Pictures are to be omitted; everything else in the data must be transcribed exactly.

Recorded information
Start of Block

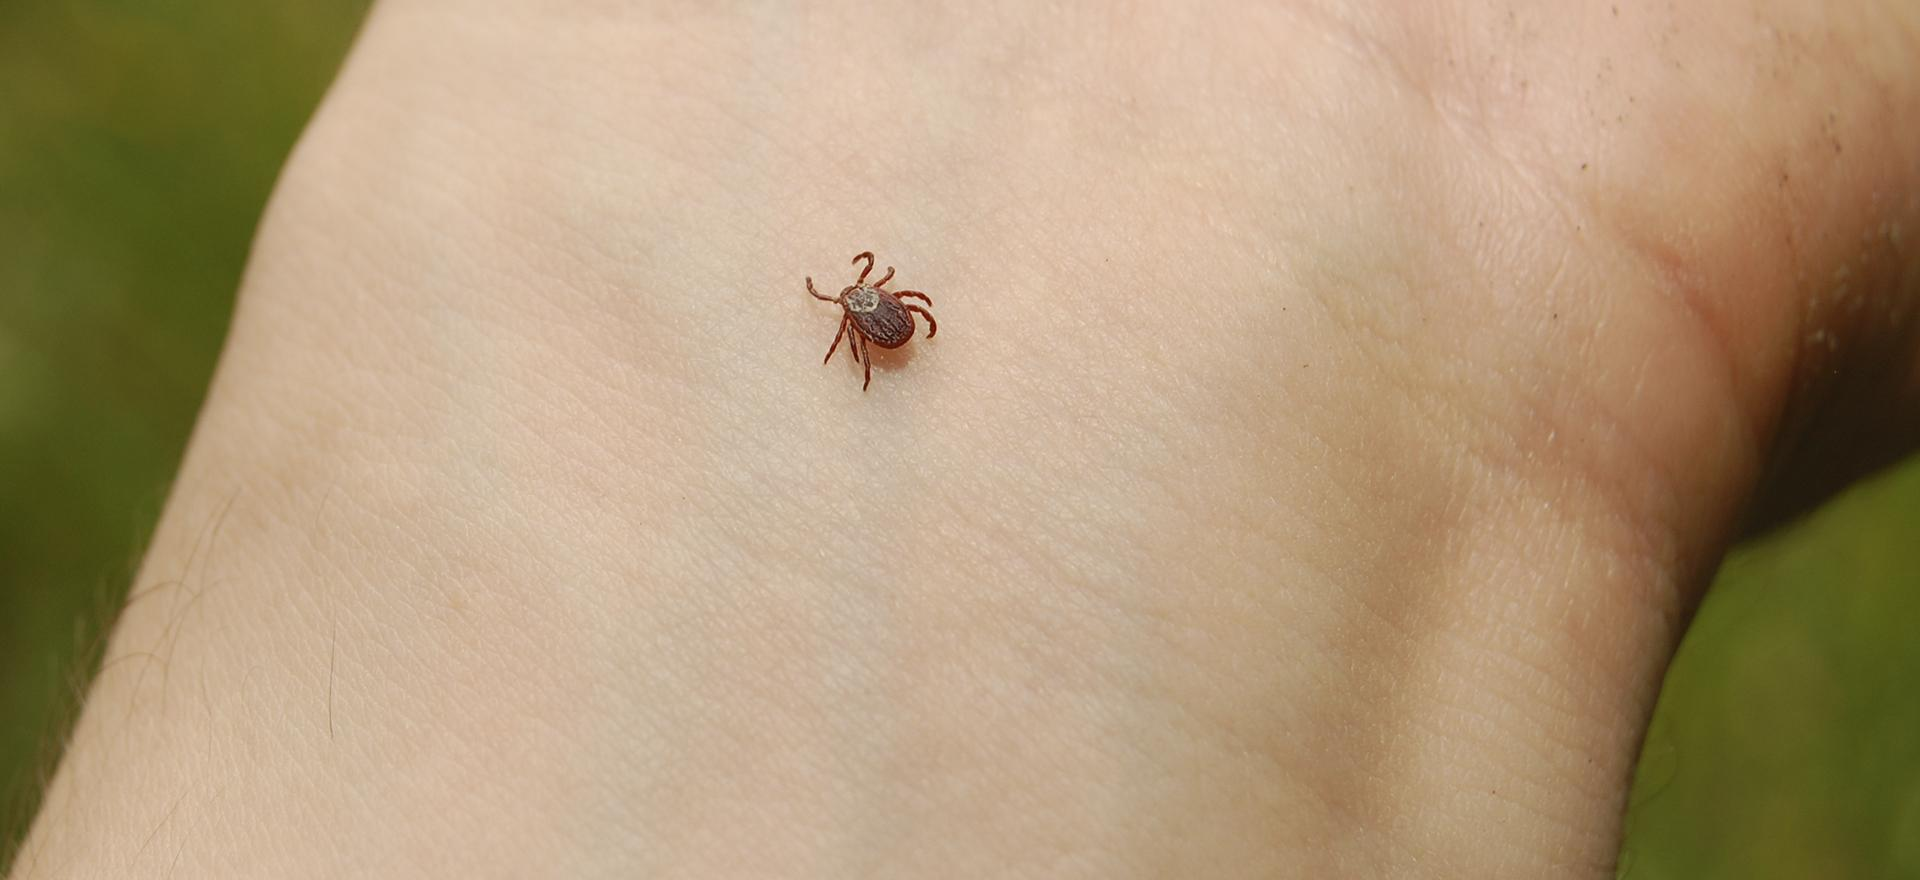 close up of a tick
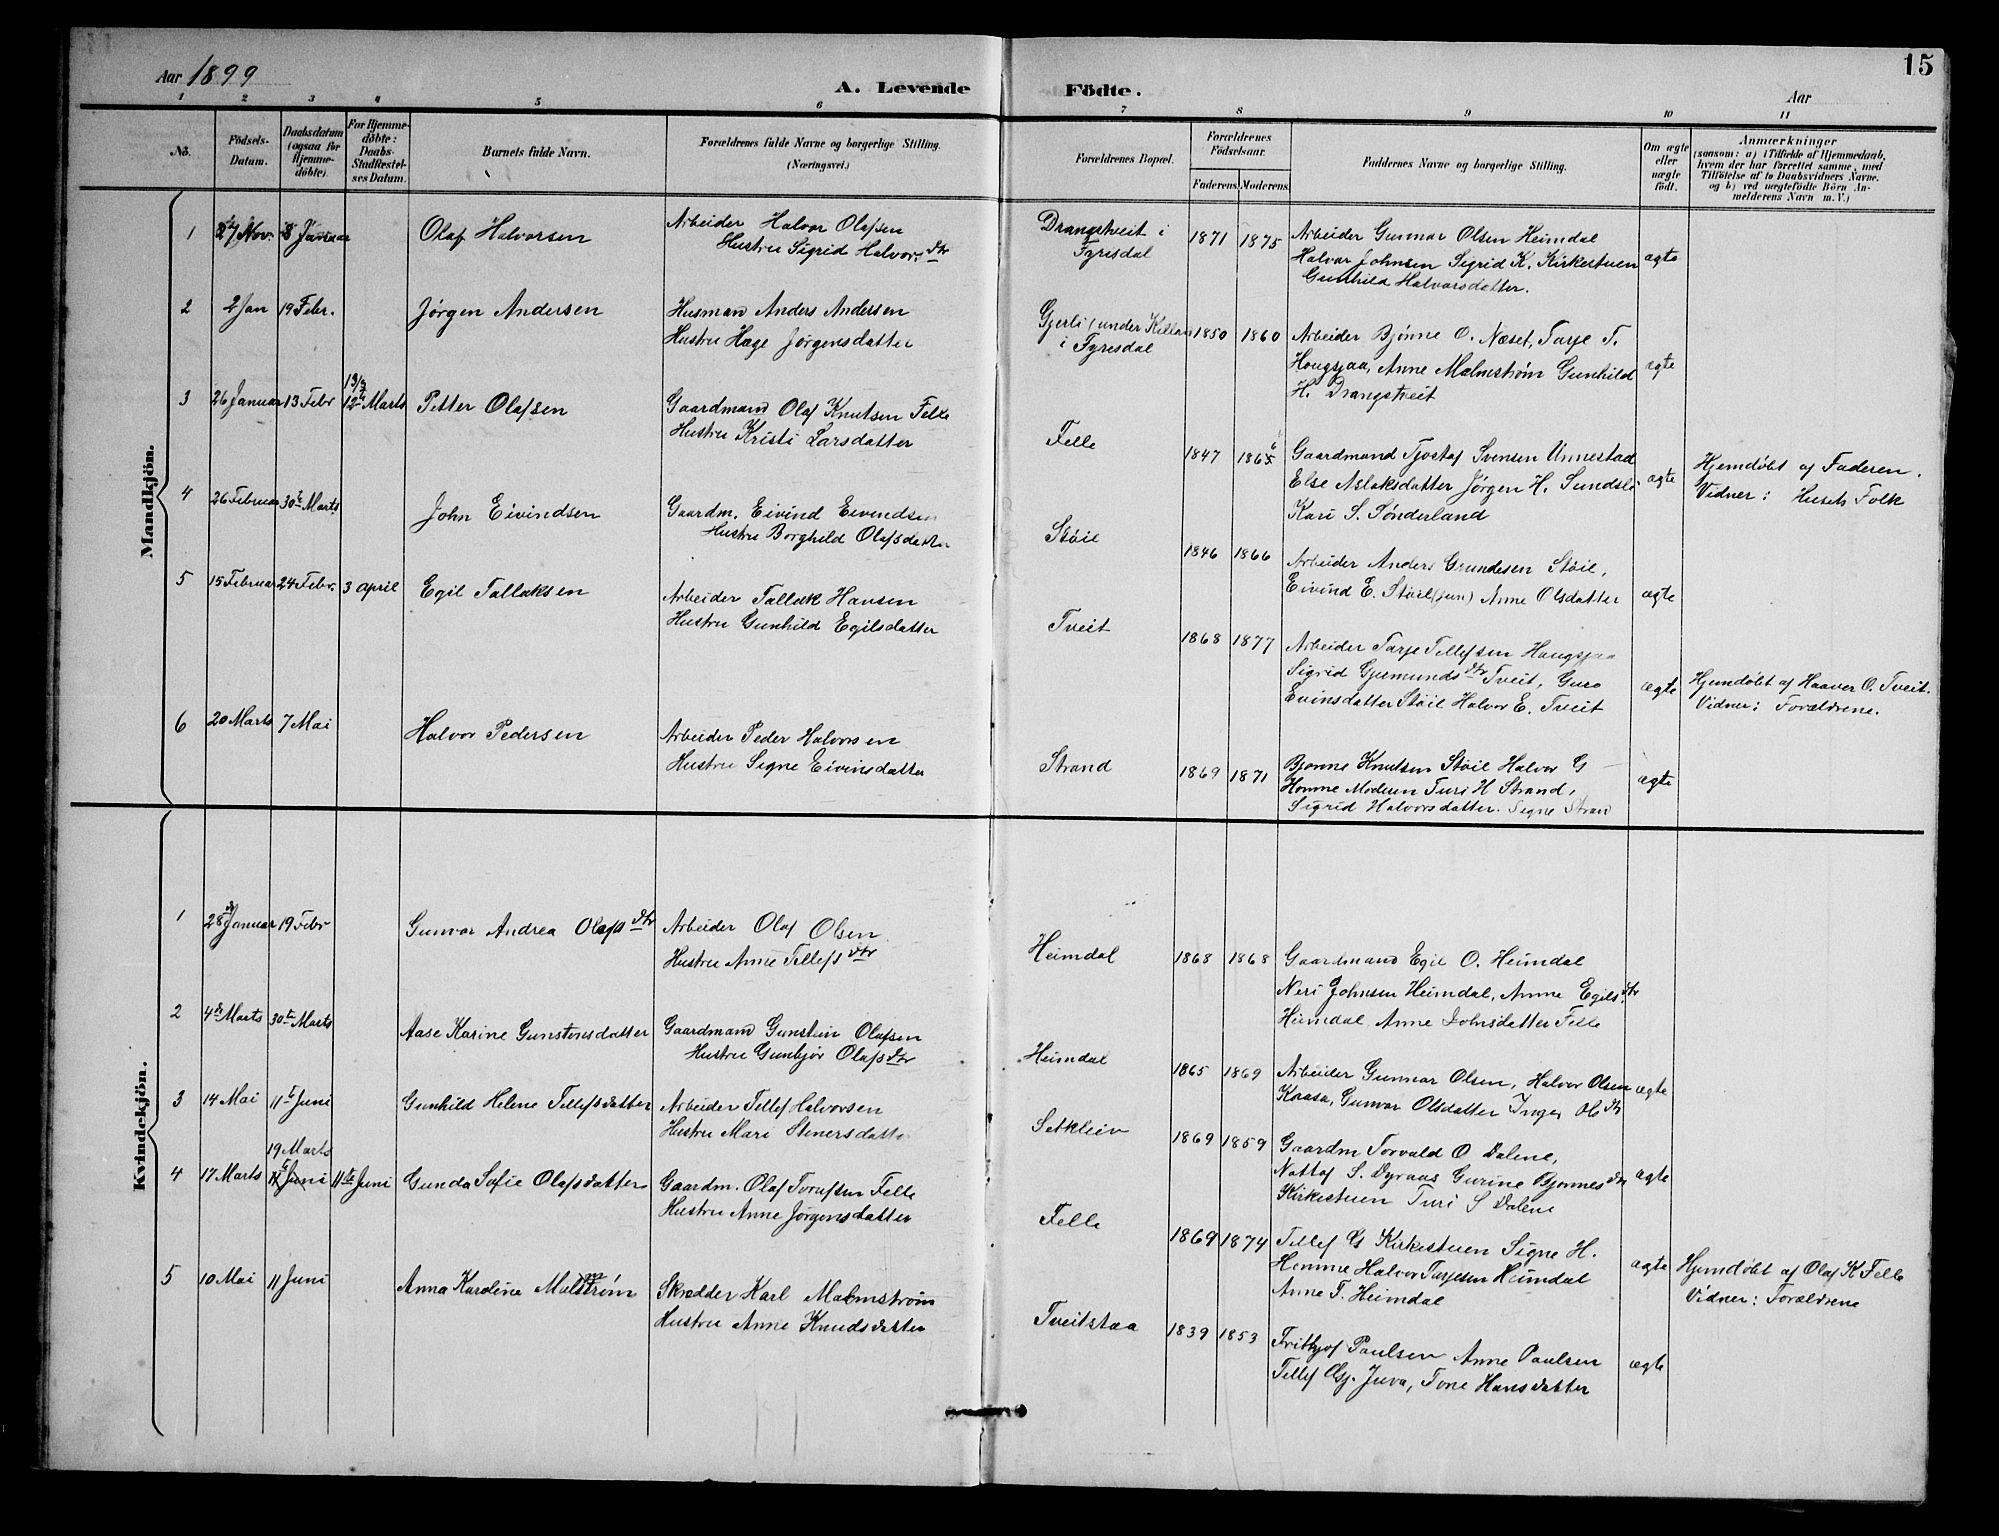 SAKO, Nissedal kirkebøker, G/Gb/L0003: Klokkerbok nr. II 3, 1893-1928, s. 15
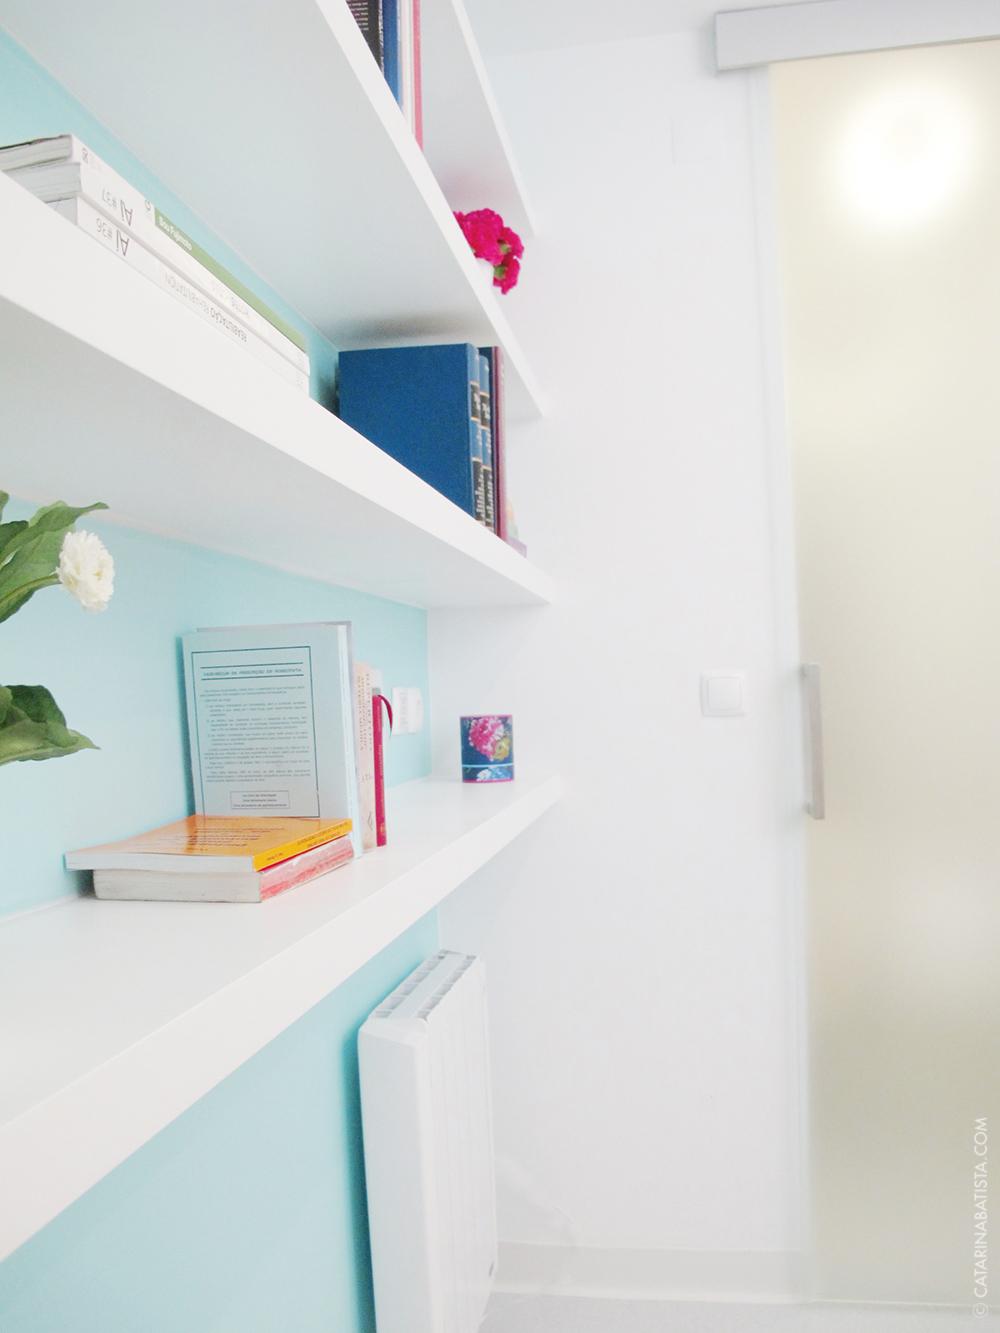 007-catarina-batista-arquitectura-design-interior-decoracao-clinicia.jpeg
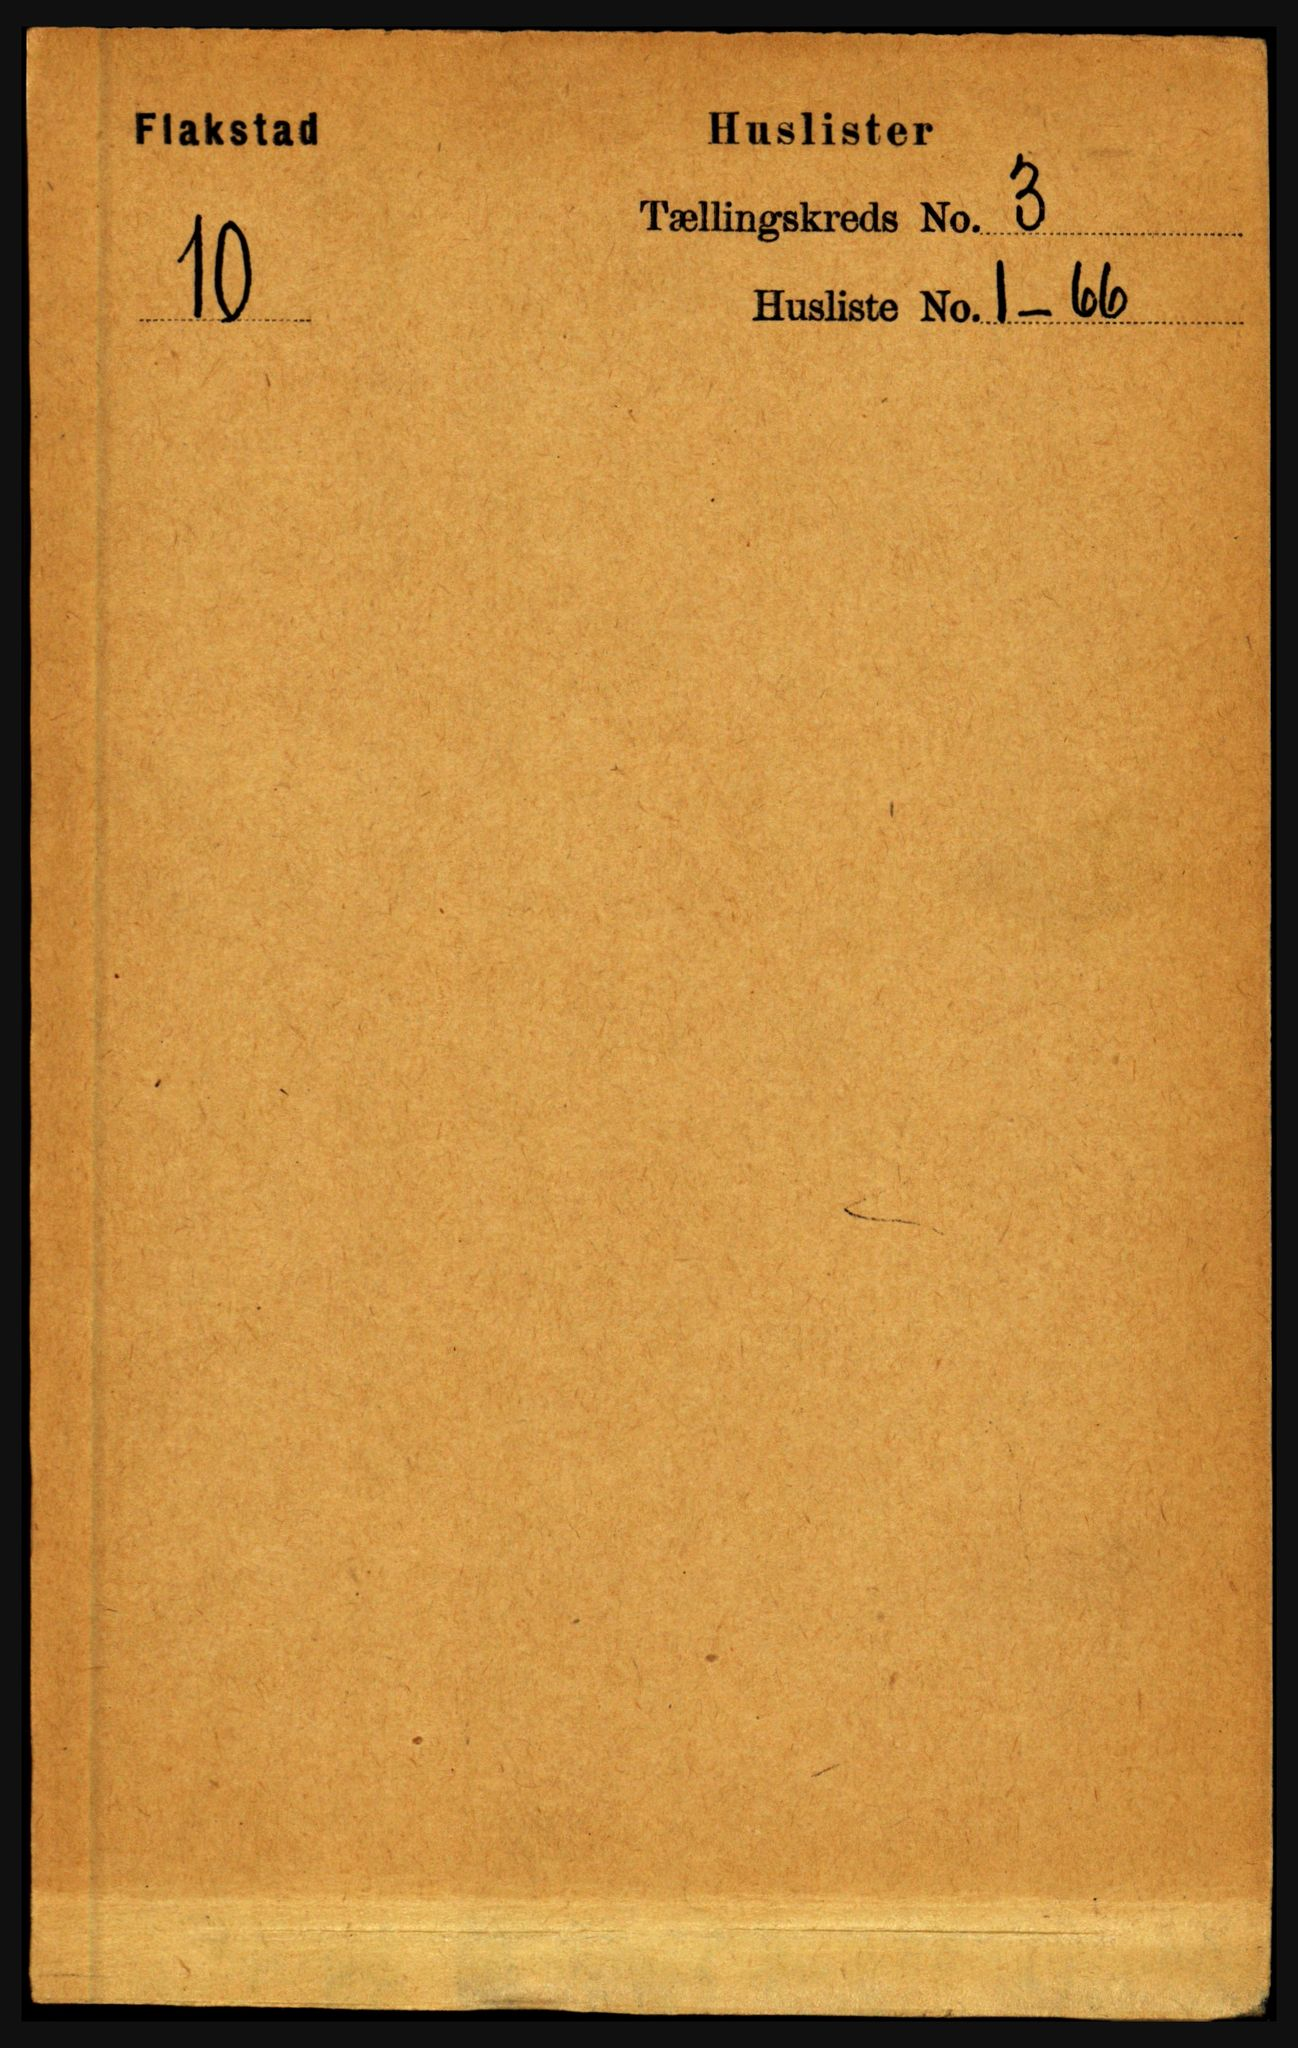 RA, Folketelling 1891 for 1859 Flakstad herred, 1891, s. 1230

End of Block

Solution to the exercise
 close up of a tick
 SAKO, Nissedal kirkebøker, G/Gb/L0003: Klokkerbok nr. II 3, 1893-1928, s. 15
 007-catarina-batista-arquitectura-design-interior-decoracao-clinicia.jpeg
 RA, Folketelling 1891 for 1859 Flakstad herred, 1891, s. 1230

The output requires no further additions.